Para a edição seguinte à que noticiara a morte de Vlado, o então diretor de
redação da Veja, Mino Carta, mandou fazer uma reportagem sobre a conduta
dos jornalistas diante da tragédia (e da farsa do suicídio).


A idéia era destacar o papel desempenhado por dois deles: Audálio Dantas, em
São Paulo, e Prudente de Moraes, neto, no Rio — e manter o assunto na ordem do
dia, quando já teriam se passado mais de duas semanas do crime.


A matéria deveria ser escrita de tal forma a ter uma chance de passar pela
censura prévia a que estava submetida a revista. Editor-assistente da seção
Brasil, fui escalado para apurá-la e redigi-la – minha primeira incumbência na
volta ao trabalho, depois de oito dias no DOI-Codi e no Deops.

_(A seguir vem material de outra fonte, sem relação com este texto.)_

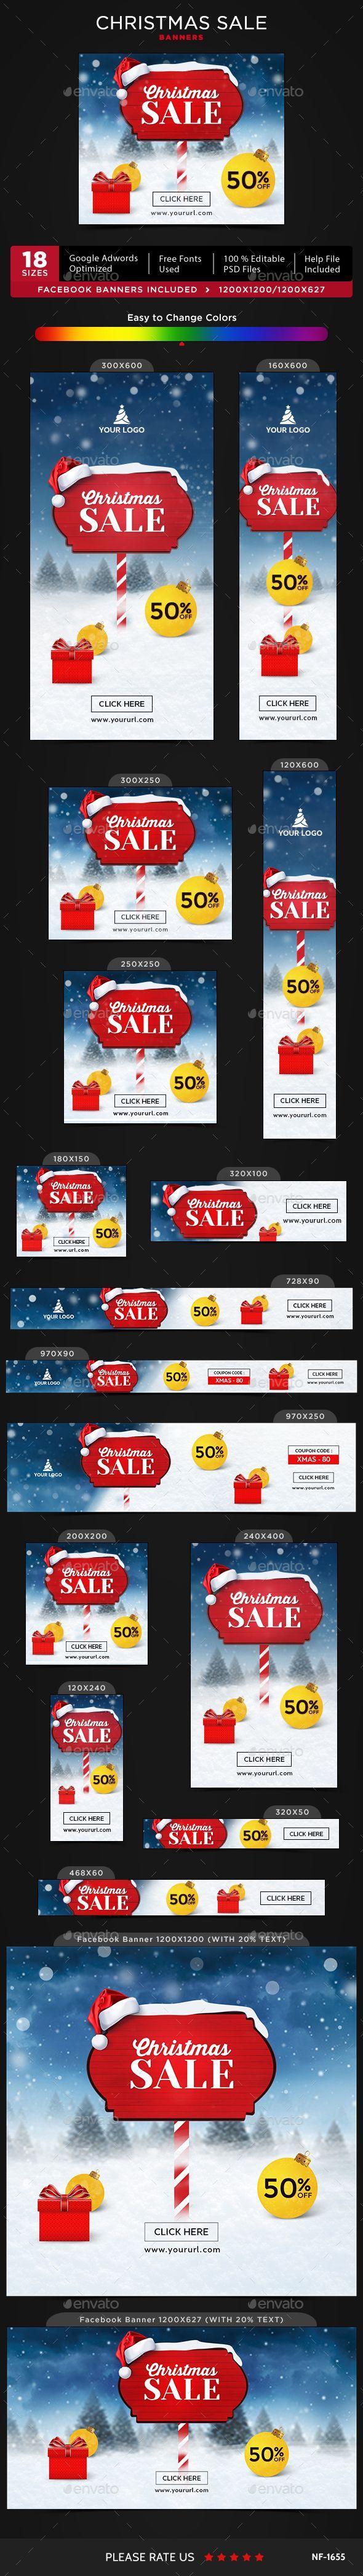 Christmas Banners Template PSD #ads #xmas

O resultado é exemplo de um exercício fútil: o de fazer jornalismo com
meias-palavras e contenção em dobro, na vaga esperança de driblar o censor e se
fazer entender ao menos pelos bons entendedores.

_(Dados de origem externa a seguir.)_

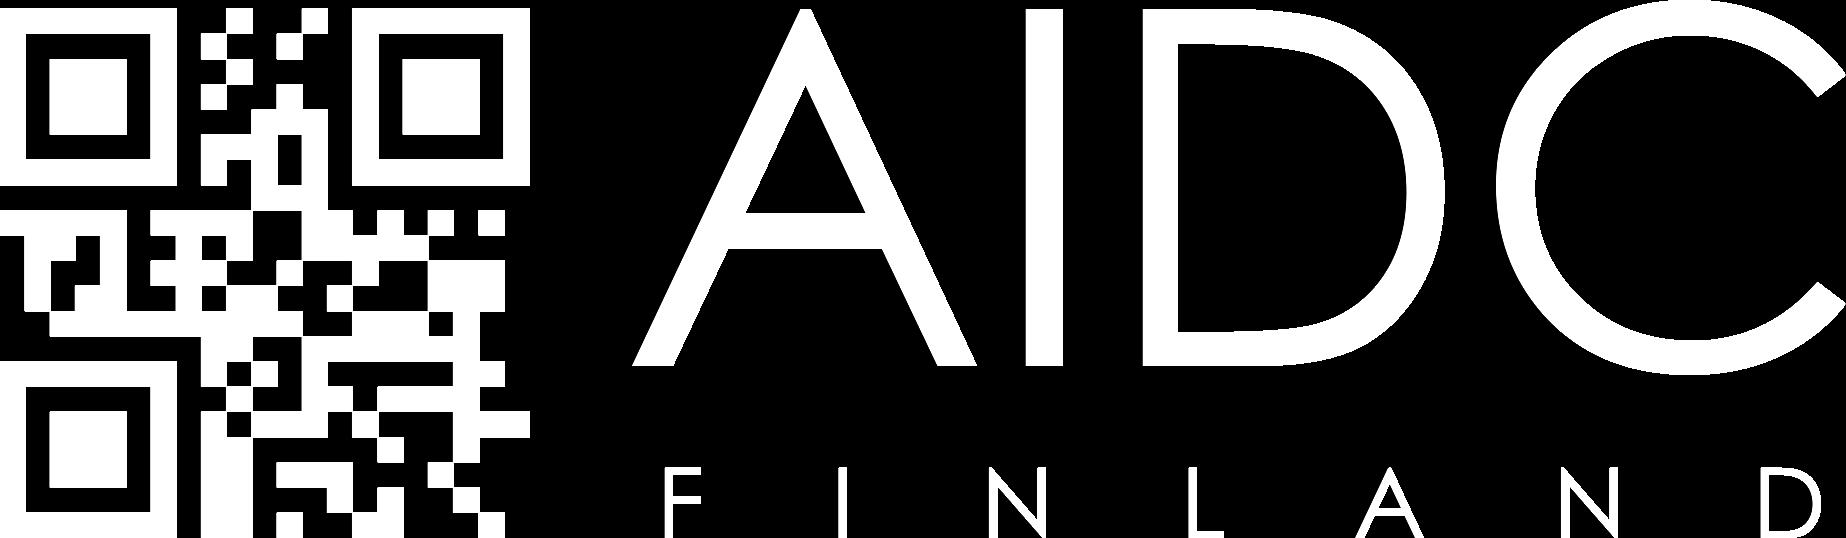 AIDC Finland

Naturalmente, embora fizesse a apologia do ‘jornalismo responsável’ e
advertisse para as ‘armadilhas da provocação’, o texto final foi destroçado pelo
censor a ponto de torná-lo impublicável. Pensando bem, ele sabia o que
fazia.


Transcrevo-o agora, aos 30 anos do assassínio do Vlado, na expectativa de que
contribua para que se entenda como eram aqueles dias e como homenagem pessoal ao
Audálio, que foi o que a matéria diz – e muito mais. Lá
vai:


Na sexta-feira passada, às 5 horas da tarde, o presidente do Sindicato dos
Jornalistas de São Paulo, Audálio Ferreira Dantas, foi para casa dormir. Desde a
morte do jornalista Vladimir Herzog, no Departamento de Operações Internas
(DOI), do II Exército, no dia 25 de outubro, dormir foi o que menos ele pudera
fazer.


A privação do sono e dos pequenos confortos habituais também fez parte do
cotidiano de muitos outros jornalistas – dirigentes sindicais ou não. Convocados
pelo Sindicato, eles desenvolveram, durante esses quinze dias, um intenso
trabalho que incluiu contatos com autoridades, a realização de seguidas reuniões
e a divulgação de informações a jornais e emissoras de rádio e televisão.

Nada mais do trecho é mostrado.